The propagation of light depends on a material’s internal structure. If inhomogeneities on length scales of the order of the wavelength of light are present, interference effects can lead to a variety of phenomena that affect transport. Among these, one of the most celebrated is the existence of photonic bandgaps [1,2]. Photonic band gaps in crystalline dielectric materials have been extensively discussed, since there the symmetries of the lattices can directly lead to forbidden states for light of certain frequencies. However, according to recent studies, order is not required for the formation of photonic band gaps, as they have also been observed in disordered materials  [3]. In particular, some types of disordered materials can exhibit isotropic, complete, and wide photonic bandgaps similar to those of crystal structures made of the same material [3,4]. A class of those are known as disordered hyperuniform materials [5–10], characterized by the lack of long-range density fluctuations [9]. The degree of order in disordered stealthy hyperuniform materials can be quantified by the stealthiness parameter, $\chi$ [11]: In two dimensions, when $\chi = 0$, the system is random leading to large density fluctuations; as $\chi$ approaches $0.5$ the system becomes more and more uniform while remaining isotropic. For $\chi \gtrsim 0.5$ isotropy is gradually lost and structures become crystalline [11].

The understanding of photonic bandgaps in crystals is greatly facilitated by the fact that they are uniquely defined: given (i) a unit cell, (ii) the fundamental blocks that decorate the lattice points (e.g. cylinders or spheres), and (iii) the type of connection between them (e.g. whether they are connected by walls or not) as well as (iv) the material properties (e.g. the dielectric constant), the system can be reconstructed with no ambiguity and the corresponding optical properties can be uniquely determined.
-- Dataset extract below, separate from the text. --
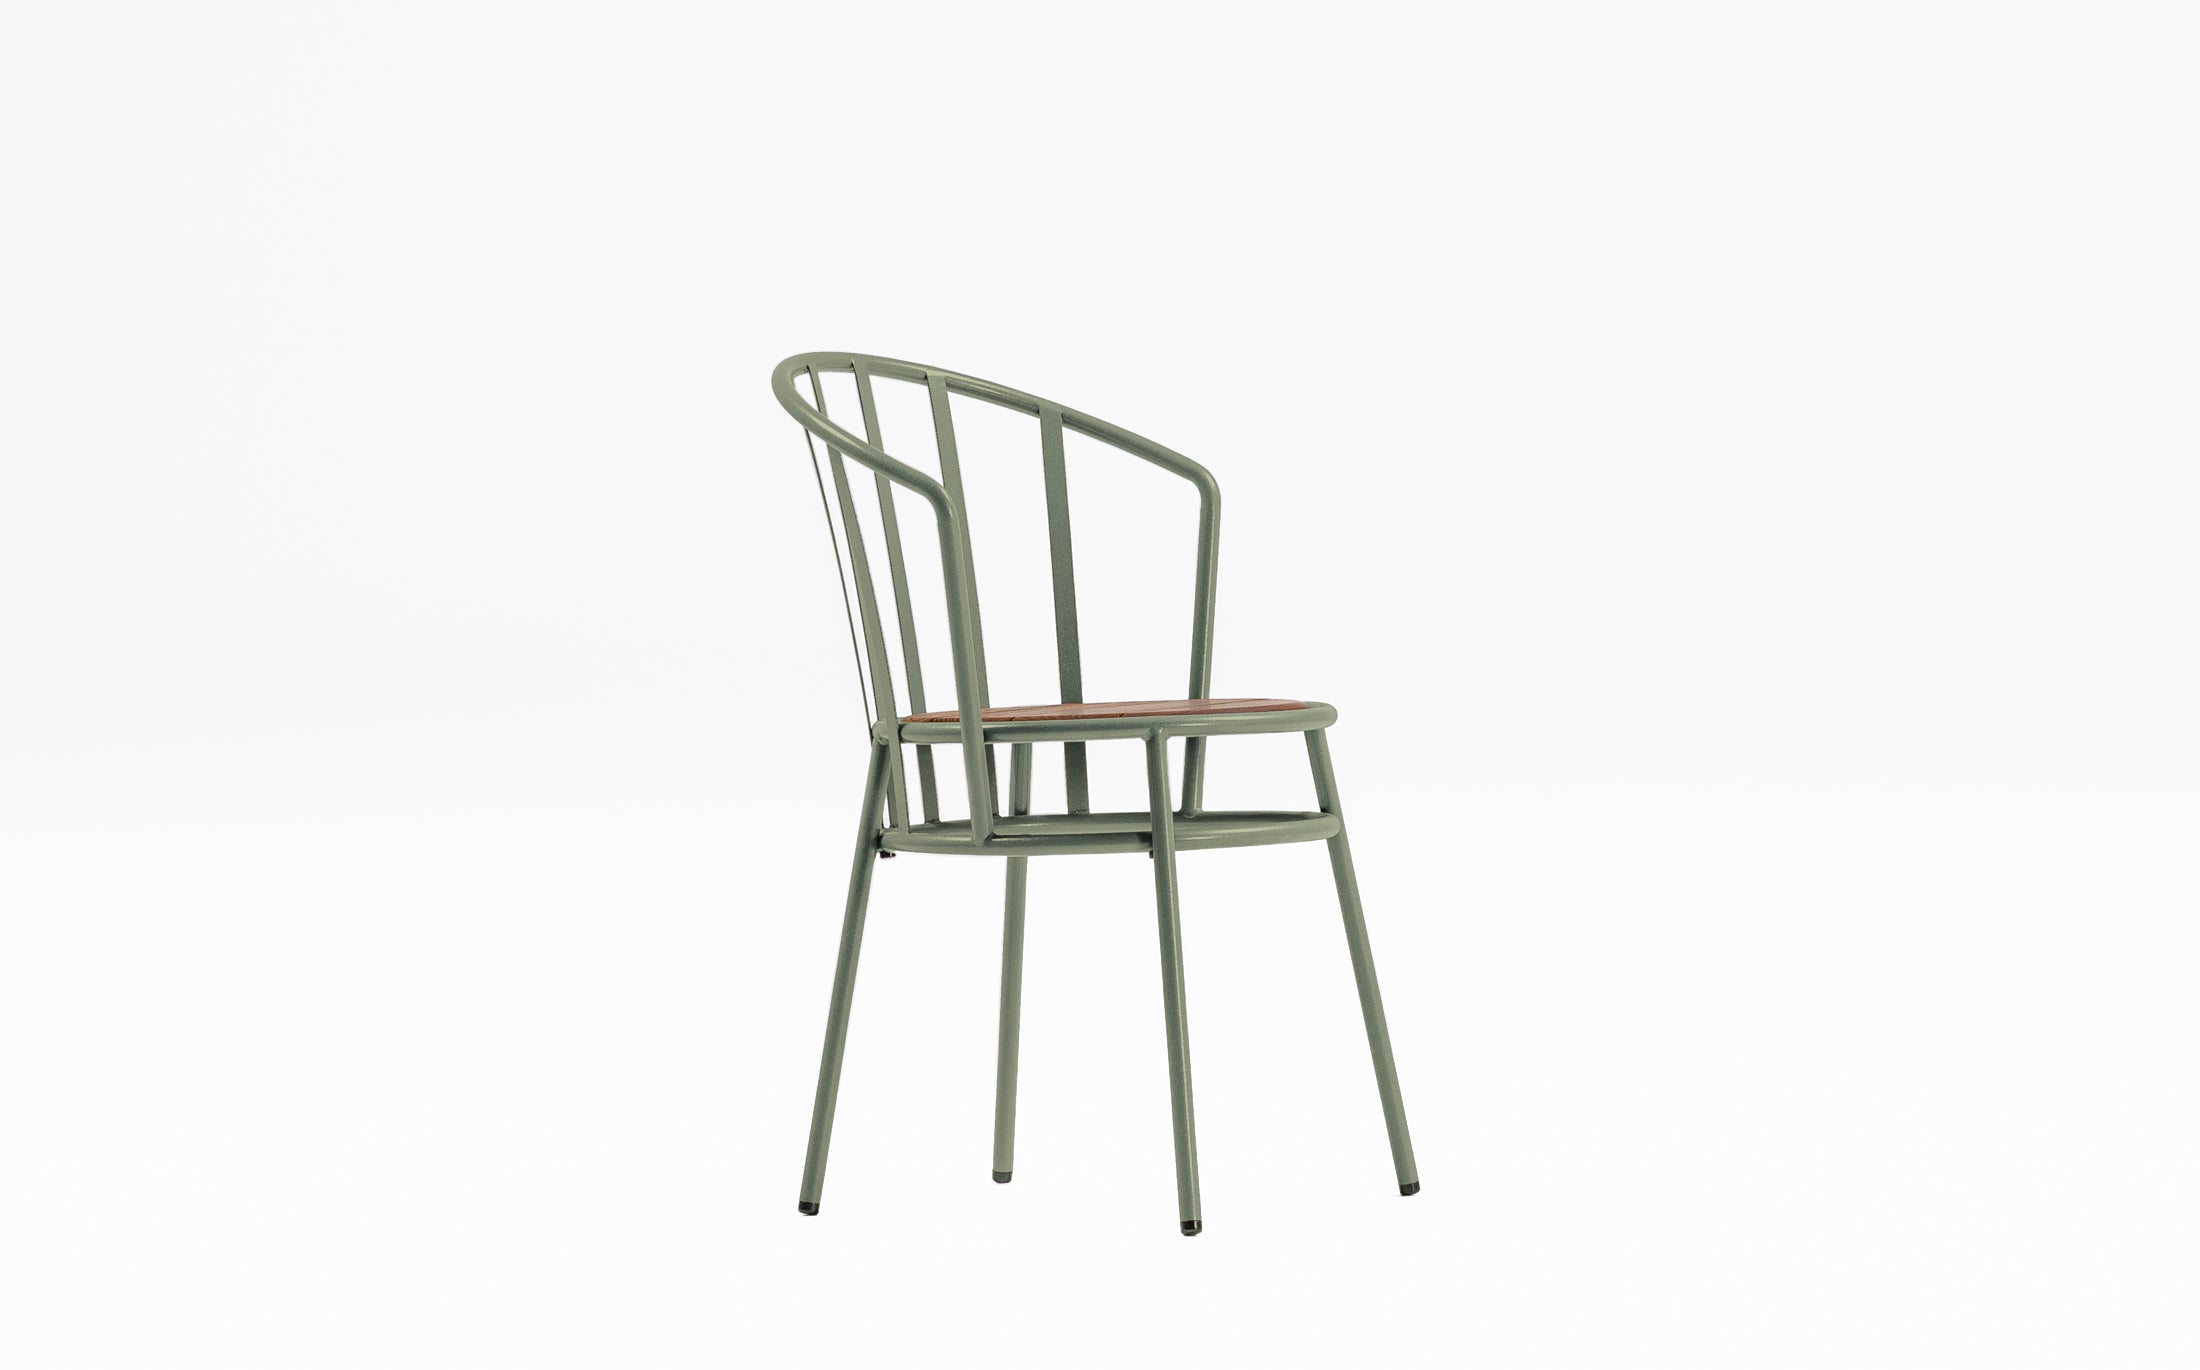 Offset Outdoor garden chair - Windsor - Green grey

However, the same is not true for disordered materials. Hyperuniform structures have no primitive vectors, and even if the value of $\chi$ is specified, there are many possible realizations of a point pattern [11]. Therefore, to arrive at a comprehensive understanding of photonic bandgaps in disordered hyperuniform materials, we need to consider a statistical ensemble of them [12]. This naturally gives rise to the following question: given a value of stealthiness, are the photonic bandgaps of disordered hyperuniform materials uniquely defined, or is there statistical variability in their properties, and if so, how strong is it?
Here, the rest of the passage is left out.